The most common medications requested were immuno-oncology (IO) therapeutic agents, in 66 cases (pembrolizumab, avelumab, nivolumab, and atezolizumab), followed by the Bacillus Calmette-Guerin (BCG) vaccine (n = 13), chemotherapeutic agents in 5 cases, erdafitinib in 2 cases, and enfortumab vedotin in 1 case.
Pembrolizumab was the medication most frequently requested by patients undergoing treatment for bladder or ureteral cancer. Out of more than 50 thousand TNs, there were 1,349 requests for this medication. Bladder or ureteral cancer was responsible for 3.4% of all the demands for pembrolizumab.
It is also notable that lawsuits were more common in the Southern (n = 47), followed by the Southeastern (n = 26), Northeastern (n = 20), and Midwestern (n = 6) regions. The lawsuits in the South were more often related to expensive medications. In the Northeast and Midwest, there were proportionally more lawsuits demanding medical procedures. The Brazilian Federal Government lost the lawsuits, representing expenses of BRL 42.1 million with these novel medications within the period evaluated.

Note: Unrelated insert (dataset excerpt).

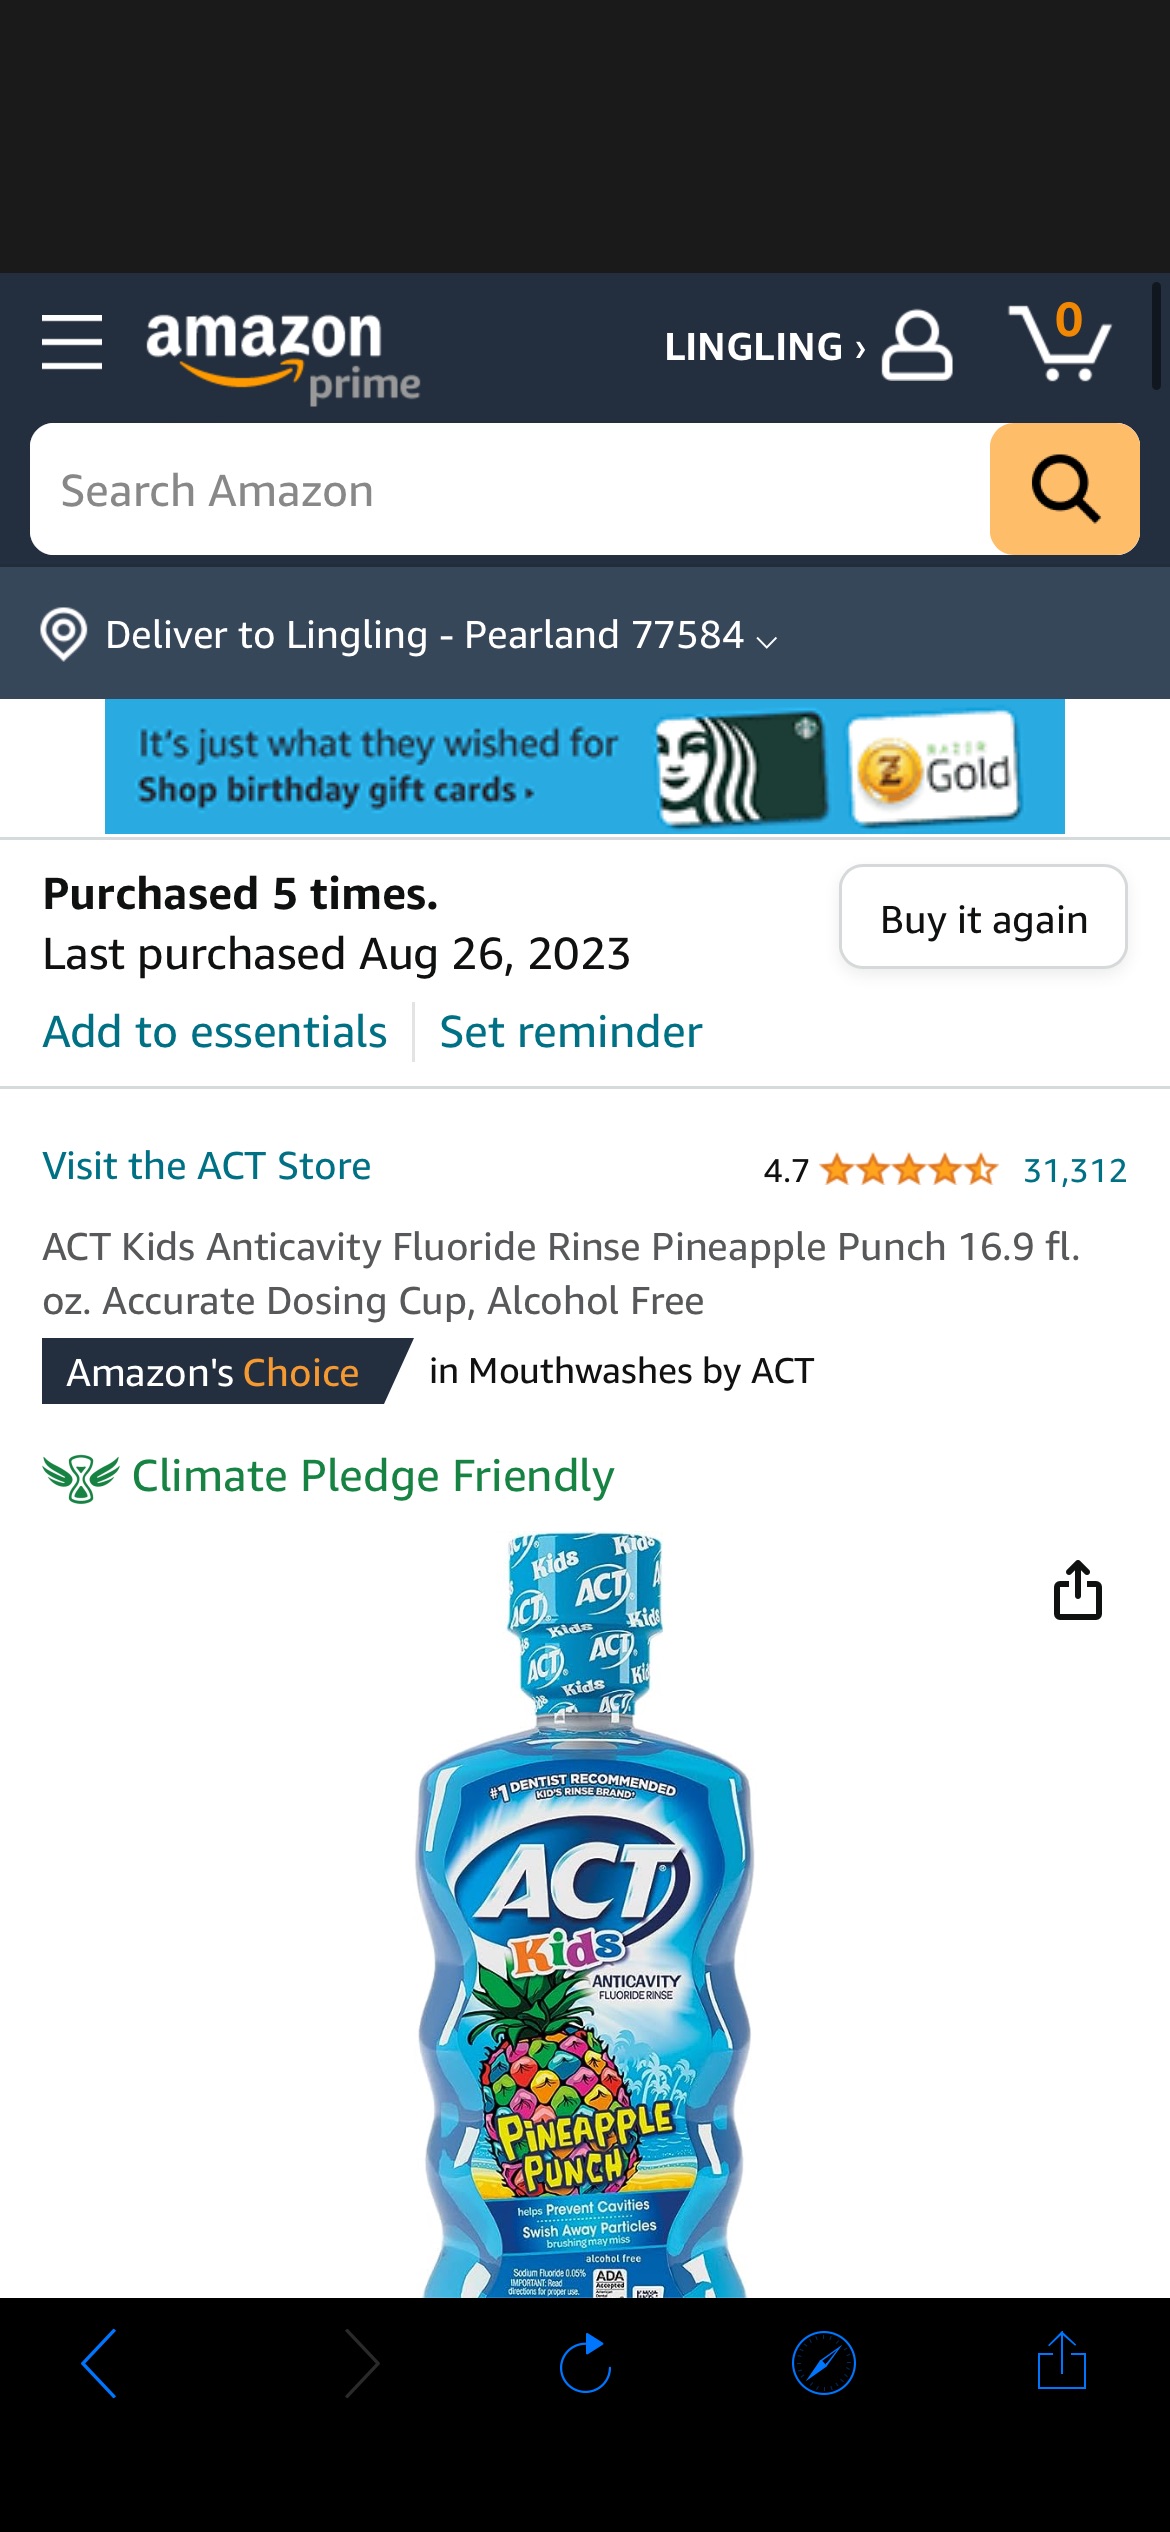 Amazon.com: ACT Kids Anticavity Fluoride Rinse Pineapple Punch 16.9 fl. oz. Accurate Dosing Cup, Alcohol Free : Health & Household

Conclusion Bladder cancer treatment within SUS faces obstacles and shortages of essential medications. Moreover, advanced and costly therapies are not widely available, straining the public healthcare system and resulting in increasing legal costs. Collaboration among the government, the scientific community, and patient advocacy organizations is crucial to ensure the sustainability of SUS in the face of these challenges.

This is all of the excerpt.